Terzo bersaglio raggiunto: le semplificazioni. «Abbiamo fatto tutto da febbraio a dicembre», osserva, «si poteva essere più veloci, ma come risultato non è male». Non c’è bisogno di fare i modesti. Perché subito dopo, nell’intervista, Cingolani ci ricorda sommessamente di aver portato a casa il G20 («un successo globale che ci è stato riconosciuto in tutto il mondo») e la Cop26. Un vero e proprio miracolo. E dire che non c’è ne eravamo accorti.

Forse il ministro, nel tratteggiare il suo idilliaco bilancio, non ha prestato attenzione a quello che, proprio ieri, spiegavano in un appello disperato la principali associazioni imprenditoriali italiane: “Stiamo fronteggiando il più drammatico aumento dei costi delle commodity energetiche della storia”, denunciano le associazioni.
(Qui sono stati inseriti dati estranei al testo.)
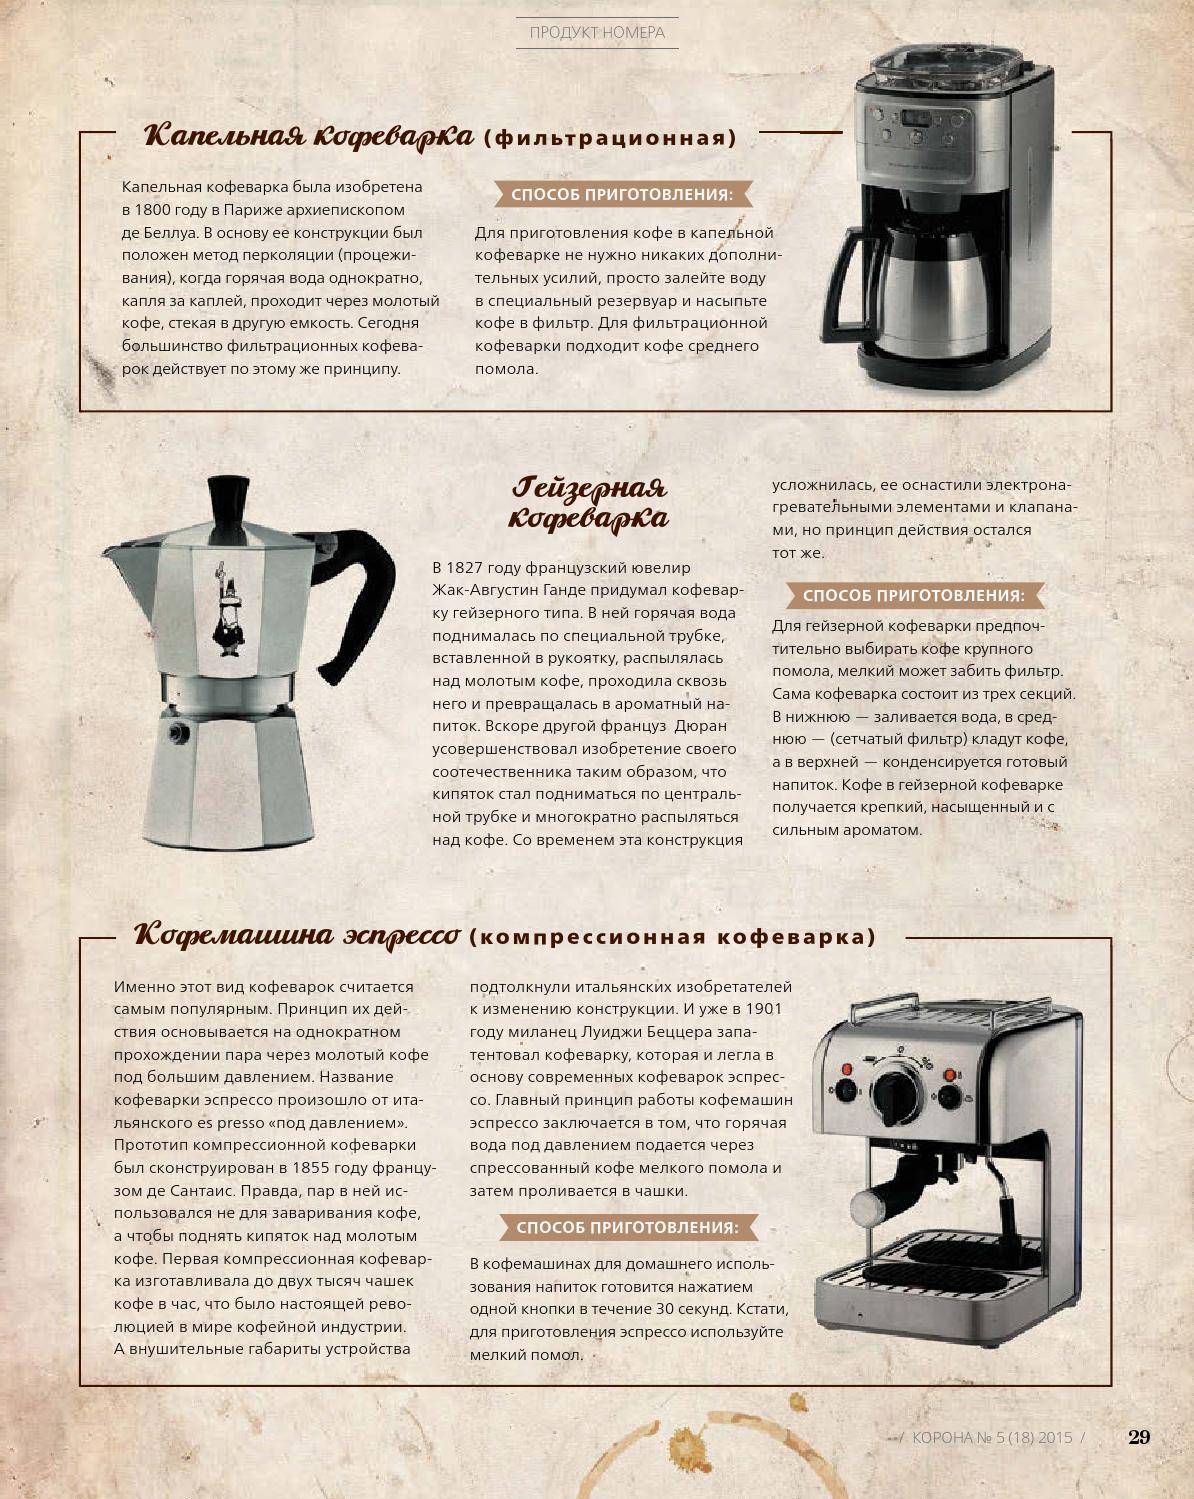 Гейзерная кофеварка как пользоваться: инструкция
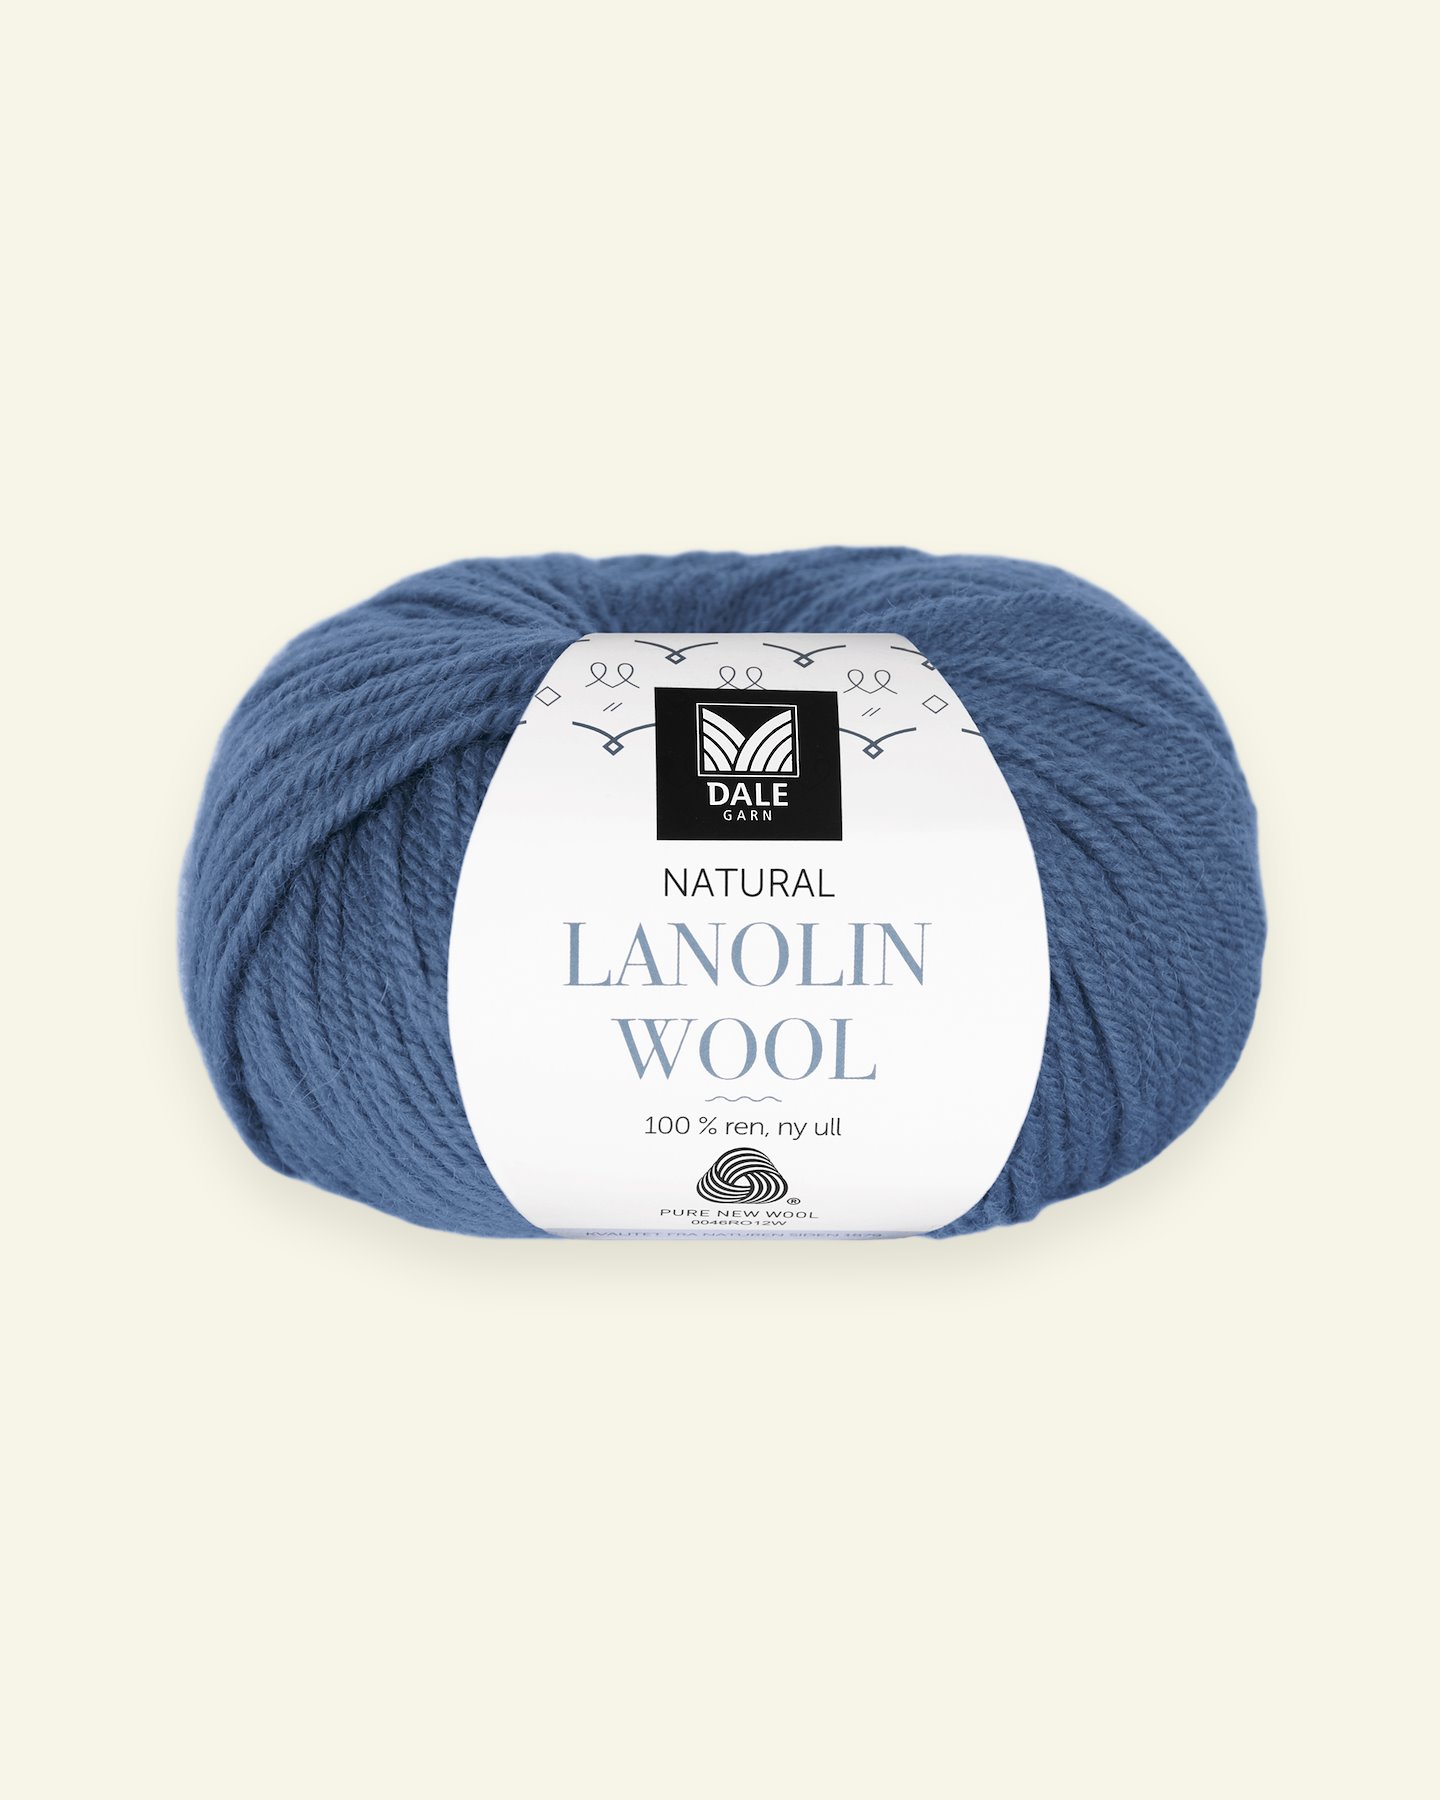 Dale Garn, 100% wool yarn "Lanolin Wool", blue 90000290_pack

E subito dopo chiedono: “Serve un intervento urgente del governo”.

Nel fare questo le imprese ricordano alcuni numeri che danno il senso della tempesta tariffaria in atto: “Il costo dell’elettricità sul mercato è salito del 280% dal gennaio 2021 e del 650% dal gennaio 2020, mentre il costo del gas naturale ha toccato solo una settimana fa il suo record storico, con una corsa del 670% negli ultimi dodici mesi”.

Il fatto che nell’ultima settimana il prezzo del gas sul mercato europeo sia sceso di oltre il 40% non tranquillizza gli imprenditori, “perché gli analisti prevedono un ritorno a livelli più vicini alla fase pre-covid solo a inizio del 2023”. Non è un caso che l’allarme sia stato lanciato ieri: fra due giorni verranno annunciate le nuove tariffe di luce e gas da parte dell’Authority per il primo trimestre dell’anno, dove si prevedono aumenti tra il 40 e il 50% solo in minima parte “sterilizzati” dai 3,8 miliardi già stanziati dal governo.

Le imprese manifatturiere sostengono che gli aiuti sono stati, per ora, rivolti soprattutto «agli utenti domestici, mentre ora occorrono interventi immediati per le imprese, per mitigare gli effetti devastanti del costo impazzito del gas naturale”. A firmare l’appello ieri, erano un gruppo di imprenditori autoconvocati, che si sono sono dati apputtamento, simbolicamente presso la fonderia di Torbole, in provincia di Brescia. Tra i sottoscrittori c’erano i rappresentanti di Anfia (filiera dell’industria automobilistica), di Assocarta, di Confidustria ceramica, di Assovetro e Assomet (metalli non ferrosi), oltre ad Assofond, padrona di casa.

Un conglomerato di imprese che oggi dà lavoro a 350mila persone, il doppio con l’indotto, per 88 miliardi di valore aggiunto e 55% di export. E l’ultimo paradosso è questo: si tratta di aziende che sono tutte in piena produzione, proprio quelle che stanno trainando il rilancio del nostro prodotto interno lordo.

Ma evidentemente, dopo i grandi successi del ministro manager, per risolvere problemini di questa portata, dopotutto, può bastare solo un buon “implementatore”.